Slowly he responded to antibiotics and he hears he’ll be released soon with a treatment plan. The specific root of his troubles, however, is still to be determined.

“It’s not for lack of trying,” Cary said. “I’ve had all sorts of blood tests. It’s been a process of elimination. We’re waiting on lab results right now.”

Cary’s significant other, Emily Callender, has stayed close. Because Callender directs the high school choirs, she and Cary opted to cancel both band and choir concerts scheduled for next Wednesday and Thursday.
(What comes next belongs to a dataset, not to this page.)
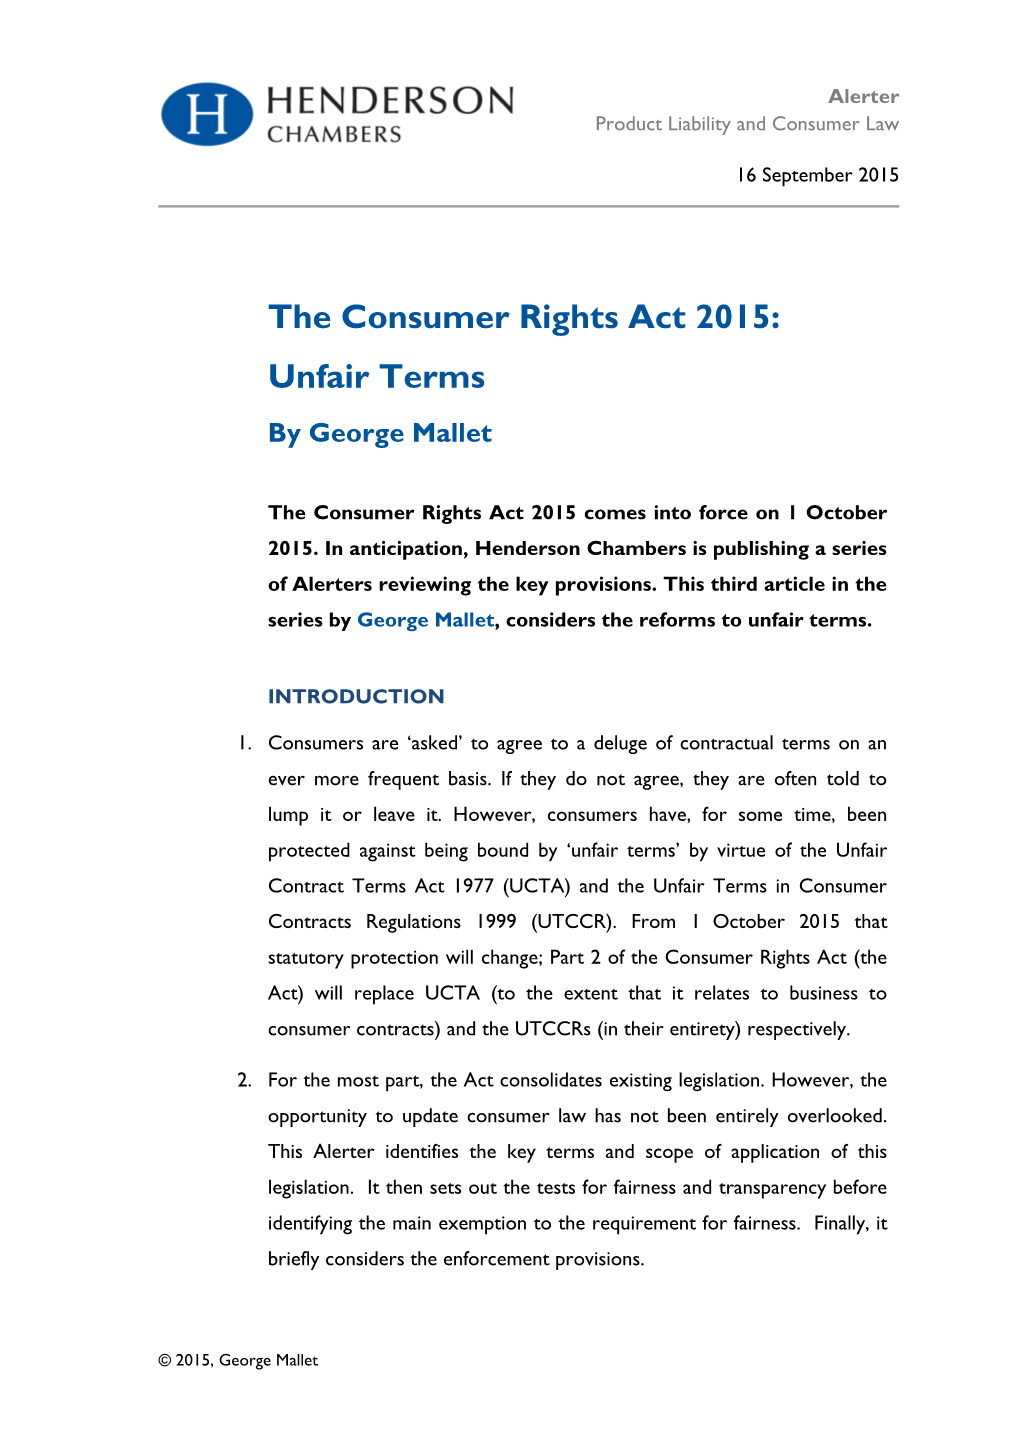 The Consumer Rights Act 2015: Unfair Terms by George Mallet

“In my 19 years as a band director (five at Umatilla High School), I’ve never canceled a concert. It was not something we came to lightly,” Cary said, “but the kids reacted with understanding. They are more concerned about me getting better. It’s really touching.”

Cary, who also plays alto sax and sings in a local jazz quartet, hopes to return to his usual healthy self soon, but the concerts, even if he recovers quickly, are history. He and Callender will focus on rehearsing for the holiday concerts in December.

“There’s no option to reschedule,” Cary said.

Cary admitted he feels a little embarrassed about the steady outpouring of concern from students, family, friends and even casual acquaintances.

“My phone is always lighting up,” he said. “They connect with me on social media, they send texts and emails — it’s been overwhelming in all the best ways.”